While Nomura Securities expands in the U.S., cultural and compensation issues have dogged its efforts to integrate the Asian and European operations Nomura acquired from bankrupt Lehman Brothers last September.

The Tokyo-based bank subjected its newly acquired businesses to corporate-level policies that offended many female employees, The Wall Street Journal reports. For instance, women joining Nomura from Lehman reportedly were ordered to remove highlights from their hair, and several were sent home from the trading floor for wearing short-sleeve dresses. Some women were forced to use e-mail addresses based on married names rather than the names they used professionally. Gender-segregated training sessions dished out instruction on hair styles, serving tea and seasonal wardrobe advice.

On the compensation front, the Journal says long-time Nomura bankers resent the two-year bonus guarantees given to former Lehman bankers to discourage defections immediately after the purchase. With the final guaranteed bonus installments looming on Oct. 1 and next March 1, members of the ex-Lehman contingent fear their bonuses will fall significantly in the future. The differentials are huge: while a Nomura division head might earn $250,000 total, his counterpart from Lehman reportedly could earn "tens of millions." Company-wide compensation expense doubled in the three months following the Lehman purchase.

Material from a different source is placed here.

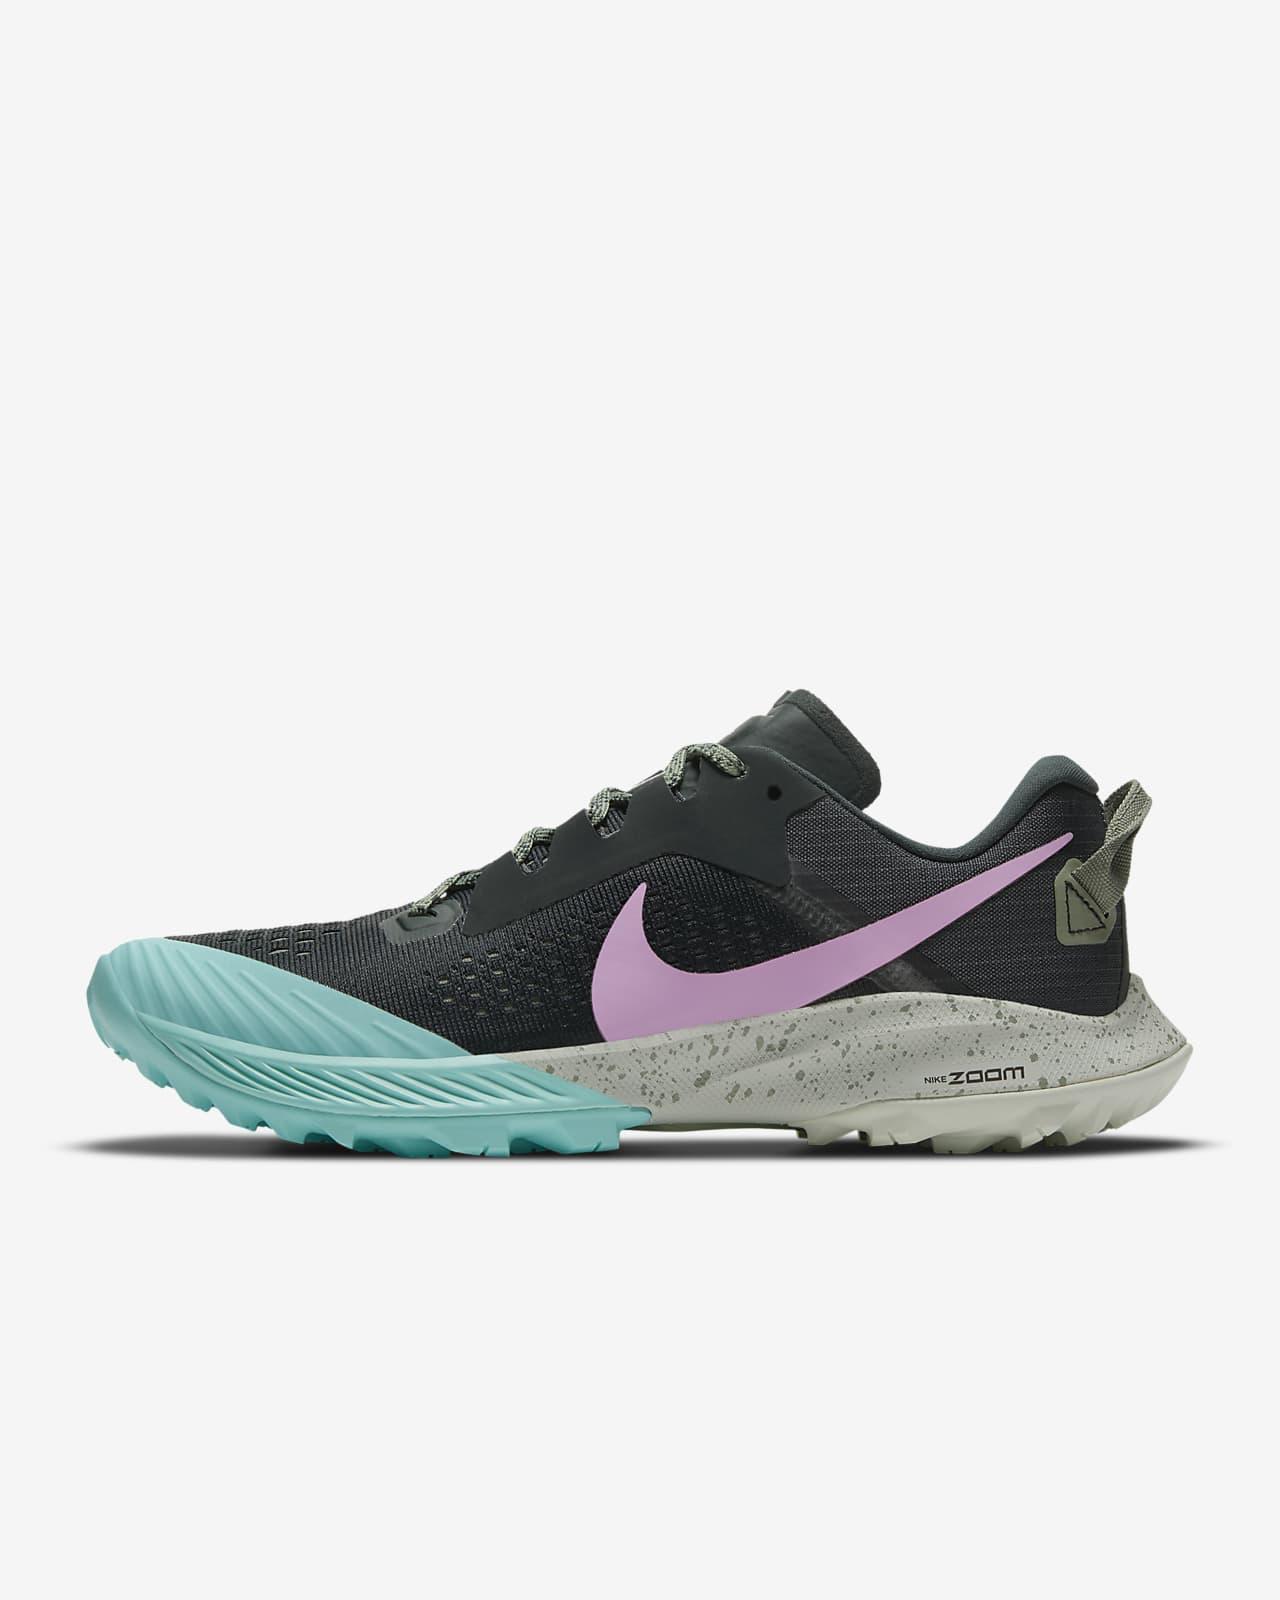 Nike Air Zoom Terra Kiger 6 Women's Trail Running Shoe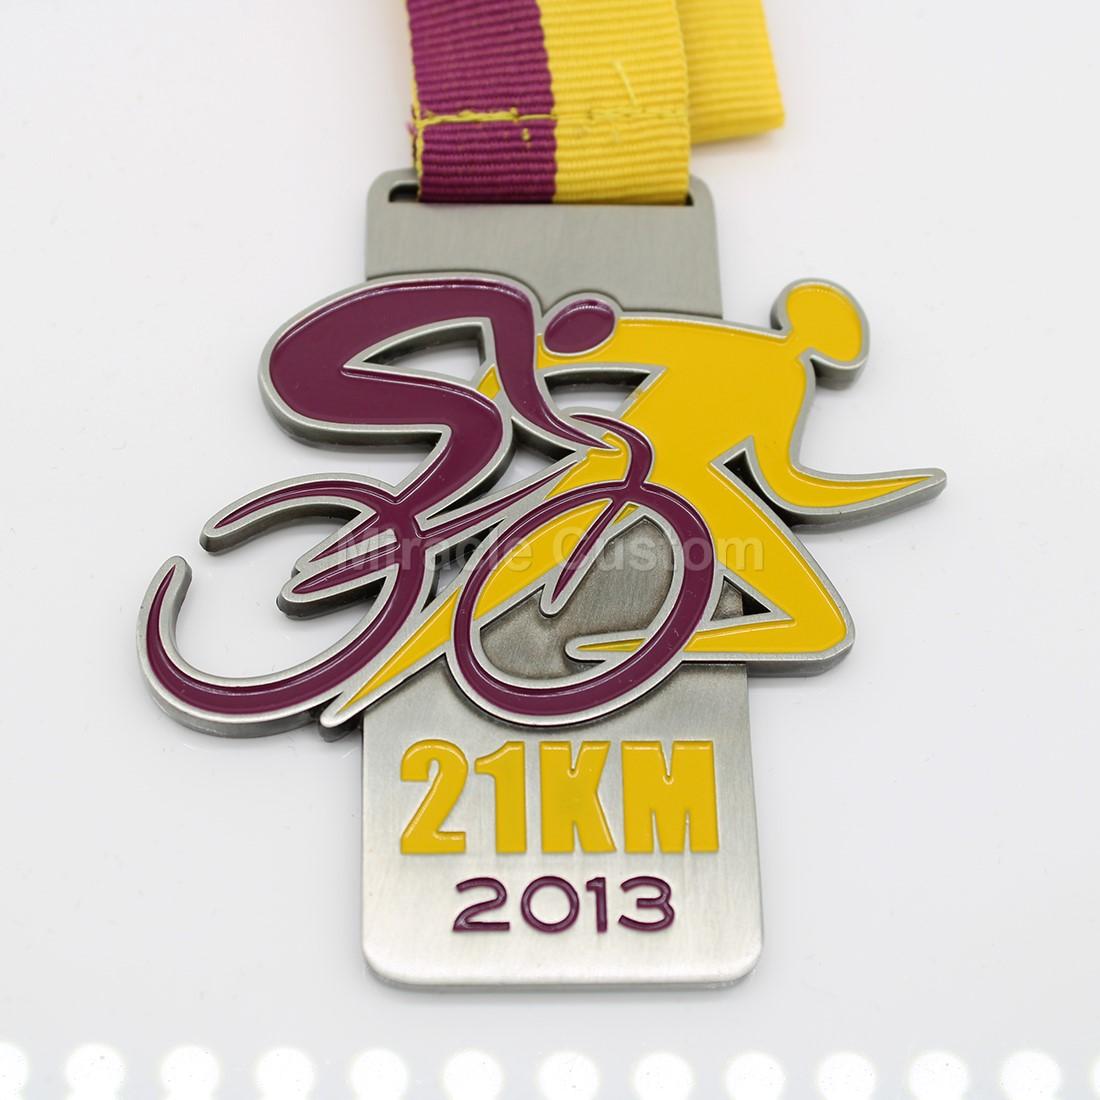 Custom 42KM Finisher Medals

Meanwhile, Nomura is aggressively growing its U.S. footprint. Head count in this country has soared to 855 from about 650 last September, and the bank currently is "recruiting heavily" for U.S. fixed-income and investment-banking divisions, according to the Journal. To head its U.S. equity operation, Nomura recently hired Ciaran O'Kelly away from Bank of America. This week the Federal Reserve Bank of New York approved its application to regain primary dealer status for U.S. Treasury securities, which Nomura had held for 22 years until dropping out in November, 2007 .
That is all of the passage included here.